A RegEx, or Regular Expression, is a special sequence of characters that forms a search pattern.

RegEx can be used to check if a **string** contains the specified search pattern.

RegEx can also split a pattern into one or more sub patterns.

Python, provides a re module whose primary function is to offer a search, where it takes a regular expression and a string.



In [3]:
import re

In [4]:
txt="The rain in Spain"
x=re.search("^The.*Spain$", txt)

In [5]:
x

<re.Match object; span=(0, 17), match='The rain in Spain'>

### RegEx Functions

The re module offers a set of functions that allows us to search a string for a match:

findall: Returns a list containing all.

search: Returns a Match object if there is a match anywhere in the string.

split: Returns a list where the string has been split at each match.

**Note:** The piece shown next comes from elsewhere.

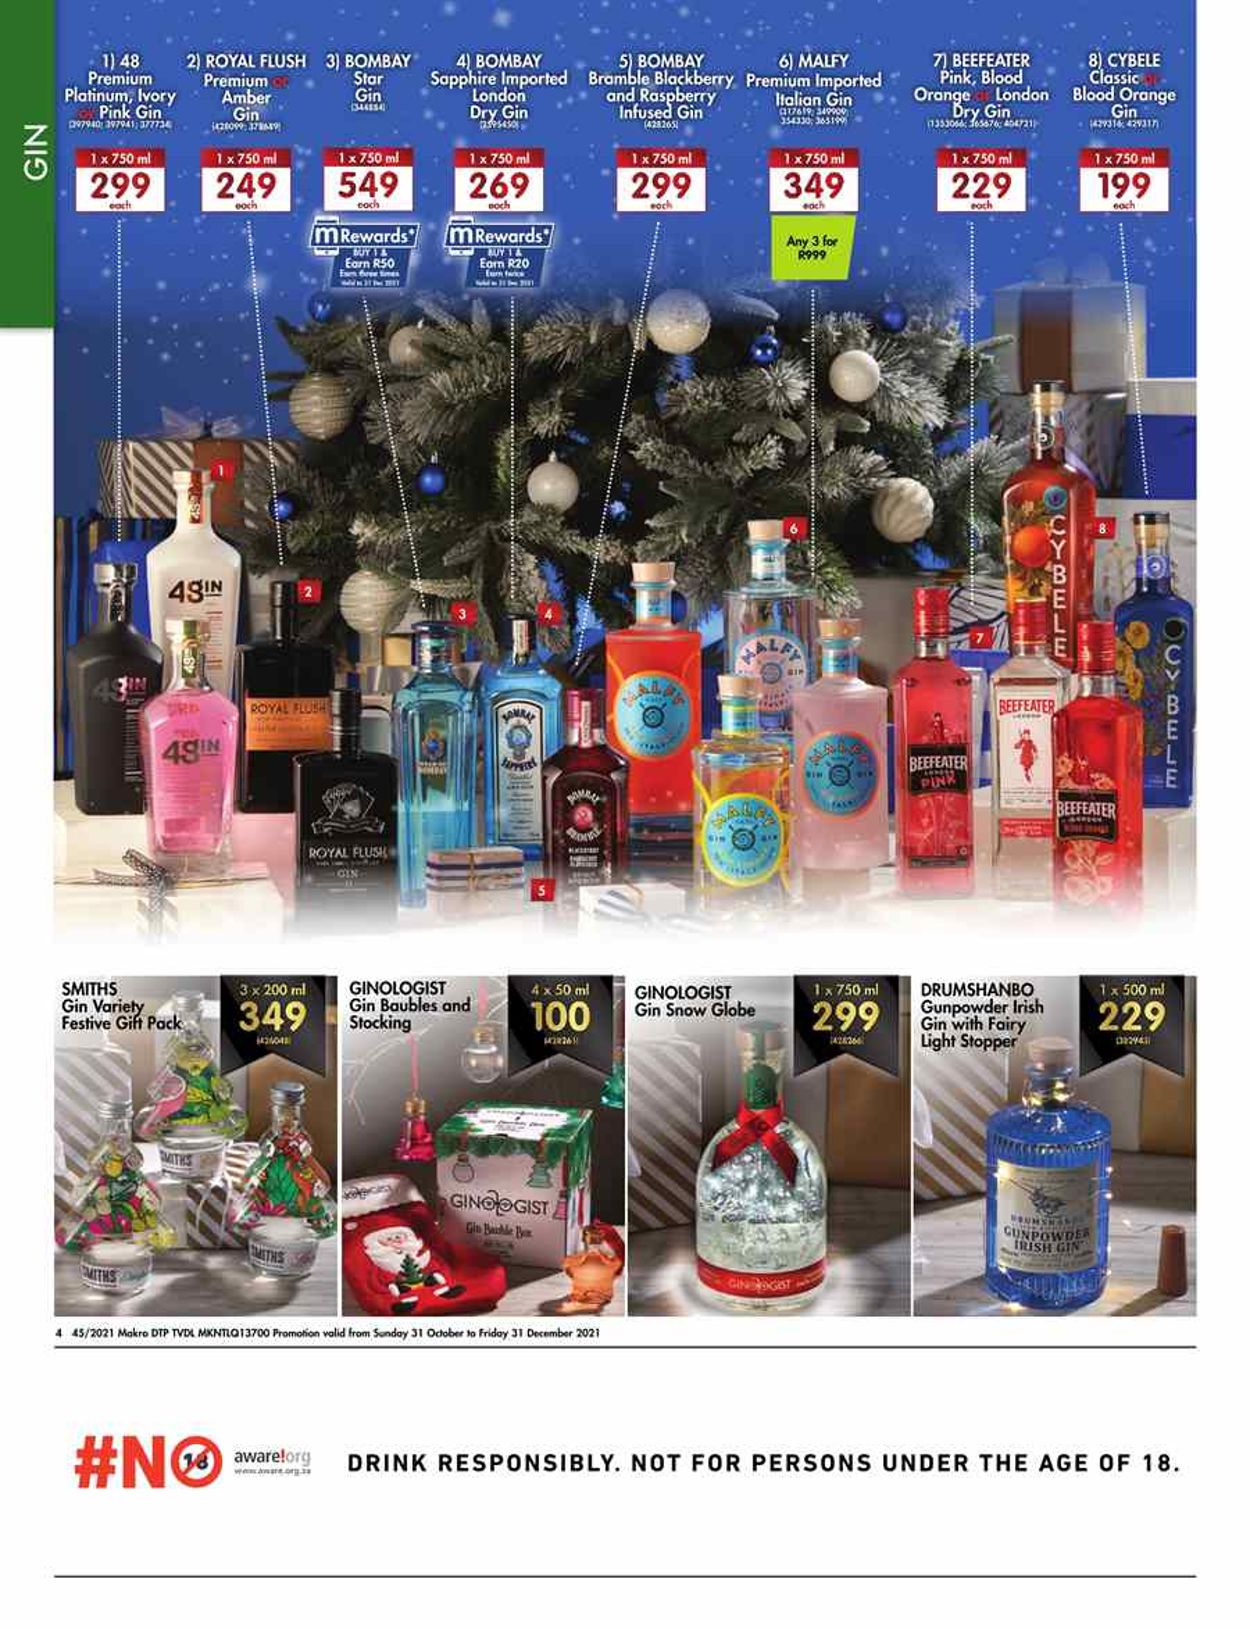 Makro Catalogue from 2021/10/31

sub: Replaces one or many matches with a string.

### Metacharacters

Metacharacters are characters with a special meaning:

In [31]:
# []	A set of characters

txt = "The rain in Spain"

#Find all lower case characters alphabetically between "a" and "m":

x = re.findall("[a-m]", txt)
print(x)

y=re.search("[a-m]", txt)
print(y)


['h', 'e', 'a', 'i', 'i', 'a', 'i']
<re.Match object; span=(1, 2), match='h'>


"" \ "" : Signals a special sequence (can also be used to escape special characters)

In [8]:
txt = "That will be 59 dollars"

#Find all digit characters:

x = re.findall("\d", txt)
print(x)

['5', '9']


"". ""	Any character (except newline character)

In [9]:
txt = "hello planet"

#Search for a sequence that starts with "he", followed by two (any) characters, and an "o":

x = re.findall("he..o", txt)
print(x)


['hello']


"" ^ ""	Starts with

In [10]:
txt = "hello planet"

#Check if the string starts with 'hello':

x = re.findall("^hello", txt)
if x:
  print("Yes, the string starts with 'hello'")
else:
  print("No match")


Yes, the string starts with 'hello'


""$ ""	Ends with

In [14]:
x = re.findall("planet$", txt)
#Check if the string ends with 'planet':
if x:
  print("Yes, the string ends with 'planet'")
else:
  print("No match")

Yes, the string ends with 'planet'


"" * ""  Zero or more occurrences

In [22]:
txt = "hello planet"

#Search for a sequence that starts with "he", followed by 0 or more  (any) characters, and an "o":

x = re.findall("he.*o", txt)

print(x)

['hello']


"" + ""	One or more occurrences

In [18]:
txt = "hello planet"

#Search for a sequence that starts with "he", followed by 1 or more  (any) characters, and an "o":

x = re.findall("he.+o", txt)

print(x)

['hello']


"" ? ""	Zero or one occurrences

In [25]:
txt = "hello planet"

#Search for a sequence that starts with "he", followed by 0 or 1  (any) character, and an "o":

x = re.findall("he.?o", txt)

print(x)

#This time we got no match, because there were not zero, not one, but two characters between "he" and the "o"

[]


"" {} ""	Exactly the specified number of occurrences

In [26]:
#Search for a sequence that starts with "he", followed excactly 2 (any) characters, and an "o":

x = re.findall("he.{2}o", txt)

print(x)

['hello']


"" | ""	Either or

In [27]:
txt = "The rain in Spain falls mainly in the plain!"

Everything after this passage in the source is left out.